Draw a right triangle in which the sides (other than hypotenuse) are of lengths 4 cm and 3 cm.Then construct another triangle whose sides are $\frac{\mathbf{5}}{\mathbf{3}}$ times the corresponding sides of the given triangle.
Steps of construction :
1. Draw a line segment AB = 4 cm. Draw a ray SA making 90° with it.
2. Draw an arc of 3 cm radius while taking A as its centre to intersect SA at C. Join BC.
$\triangle \mathrm{ABC}$ is the required triangle.
3. Draw a ray AX making an acute angle with AB, opposite to vertex C.

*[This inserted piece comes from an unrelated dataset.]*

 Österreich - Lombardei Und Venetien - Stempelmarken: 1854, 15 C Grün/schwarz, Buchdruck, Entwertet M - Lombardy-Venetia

4. Mark 5 points (as 5 is greater in 5 and 3$), A_{1}, A_{2}, A_{3}, A_{4}, A_{5}$, on line segment $A X$ such that $\mathrm{AA}_{1}=\mathrm{A}_{1} \mathrm{~A}_{2}=\mathrm{A}_{2} \mathrm{~A}_{3}=\mathrm{A}_{3} \mathrm{~A}_{4}=\mathrm{A}_{4} \mathrm{~A}_{5} .$
5. Join $A_{3} B$. Draw a line through $A_{5}$ parallel to $A_{3} B$ intersecting extended line segment $A B$ at B'.
6. Through $\mathrm{B}^{\prime}$, draw a line parallel to $\mathrm{BC}$ intersecting extended line segment $\mathrm{AC}$ at $\mathrm{C}^{\prime}$.
$\triangle \mathrm{AB}^{\prime} \mathrm{C}^{\prime}$ is the required triangle.